Reconstruct Azure Document Intelligence JSON output into readable spatial text layouts

Project description

azure-di-reconstruct

PyPI version Python License: MIT Zero dependencies

Reconstruct Azure Document Intelligence JSON output into readable spatial text layouts.

azure-di-reconstruct takes the JSON returned by the Azure Document Intelligence prebuilt-read model and reproduces the original document's two-dimensional layout as a monospace text grid — no image file, no external dependencies.


Features

  • Zero runtime dependencies — pure Python 3.10+
  • Language agnostic — works with any language Azure DI supports (Tamil, Hindi, English, Arabic, Chinese, etc.)
  • Multi-page support — reconstruct any page by index
  • Two output modes — pipe-bordered boxes or plain spatial text
  • Tunable layout — four hyperparameters control grouping and grid resolution
  • Lightweight — single function call, no setup required

How It Works

Azure DI returns paragraph polygons in inch coordinates. azure-di-reconstruct:

  1. Extracts paragraph bounding boxes from the JSON
  2. Groups blocks into rows using configurable height and width overlap thresholds
  3. Maps inch coordinates to character columns proportionally
  4. Renders a monospace grid with each paragraph in its original spatial position
+------------------------------+          +--------------------+
| கிரையம் கொடுப்பவர் பேவர்    |          | கிரையம் வாங்குபவர் |
+------------------------------+          +--------------------+

         +--------------------------------------+
         | INDIA NON JUDICIAL                   |
         +--------------------------------------+

+----------------------------+             +------------------+
| 91 நெ. சமிட்டிற்கும்      |             | வடக்கு,          |
+----------------------------+             +------------------+

Installation

pip install azure-di-reconstruct

Quick Start

import json
from azure_di_reconstruct import reconstruct

with open("document.json", encoding="utf-8") as f:
    data = json.load(f)

# Pipe-bordered layout (default)
print(reconstruct(data))

# Plain spatial text
print(reconstruct(data, borders=False))

# Second page, wider grid
print(reconstruct(data, page=1, total_cols=160))

API Reference

reconstruct(json_data, *, page, height_threshold, width_threshold, total_cols, borders)

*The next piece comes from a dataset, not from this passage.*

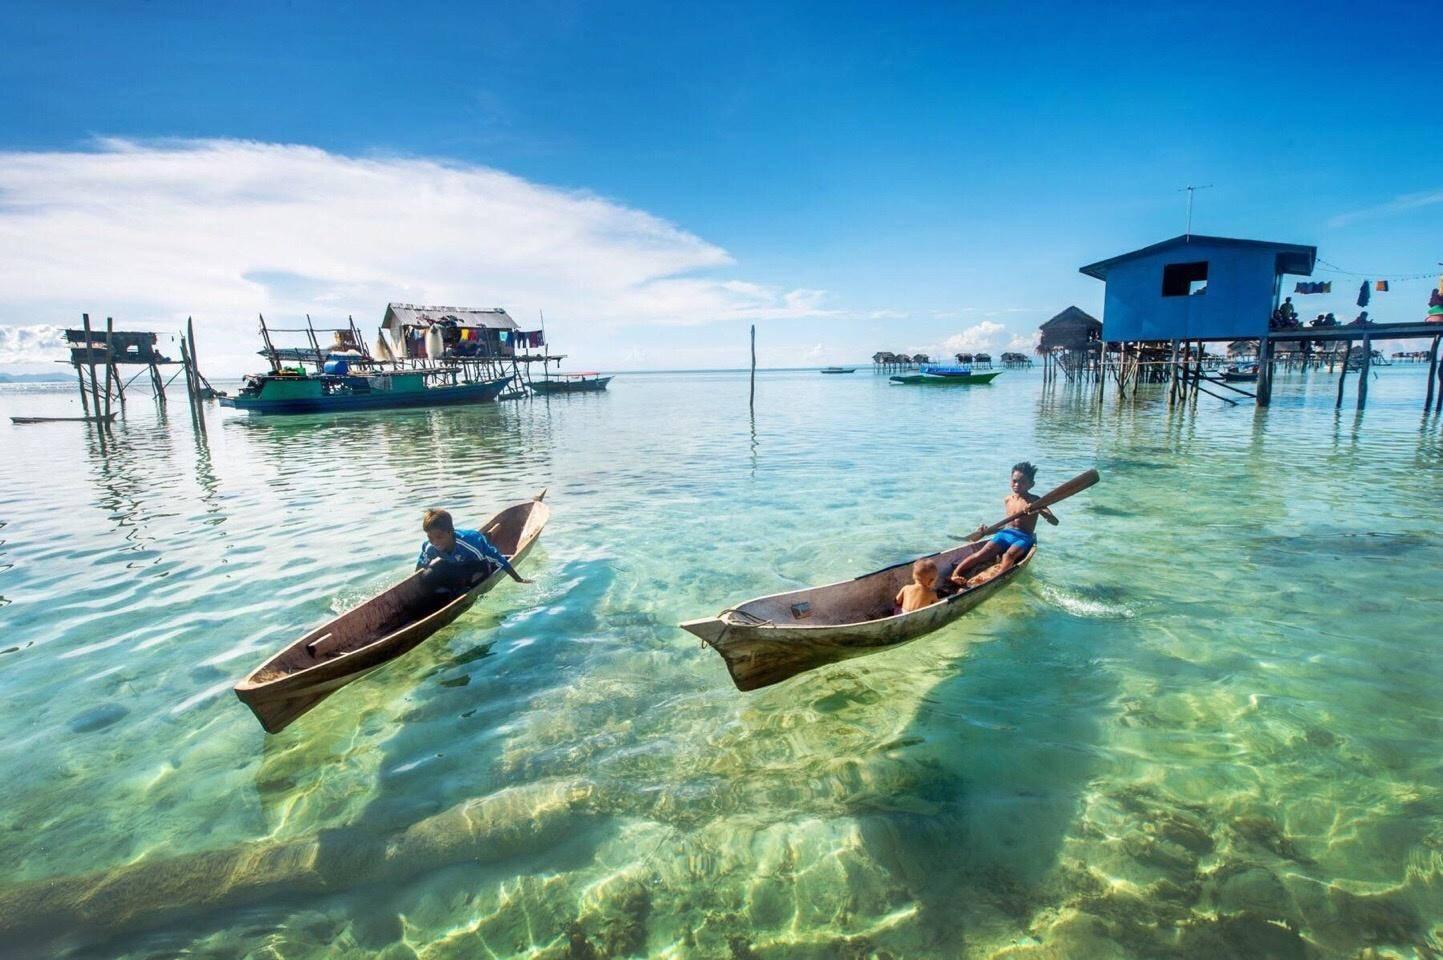 亚洲旅游地最佳时间表,在对的时间,去对的地方

Parameter Type Default Description
json_data dict — Parsed Azure DI JSON with analyzeResult key
page int 0 Zero-based page index to reconstruct
height_threshold float 0.8 Minimum Y-overlap ratio for blocks to share a row
width_threshold float 0.3 Maximum X-overlap ratio before blocks are placed in separate rows
total_cols int 120 Output grid width in characters
borders bool True Wrap blocks in +---+ / | | box characters

Returns str — monospace text grid.

Raises ValueError if page index exceeds the document's page count.


Parameter Guide

height_threshold

Controls whether two blocks are on the same row or separate rows.

  • Higher (e.g. 0.9) — stricter; blocks must nearly perfectly align vertically to share a row. Best for clean printed documents.
  • Lower (e.g. 0.5) — looser; allows blocks with rough vertical alignment to share a row. Best for handwritten or skewed scans.

width_threshold

Controls column separation within a row.

  • Lower (e.g. 0.1) — even small X overlaps force blocks into separate rows (strict column separation).
  • Higher (e.g. 0.6) — blocks need heavy X overlap before being separated (permissive).

total_cols

Maps the page width to a fixed number of character columns.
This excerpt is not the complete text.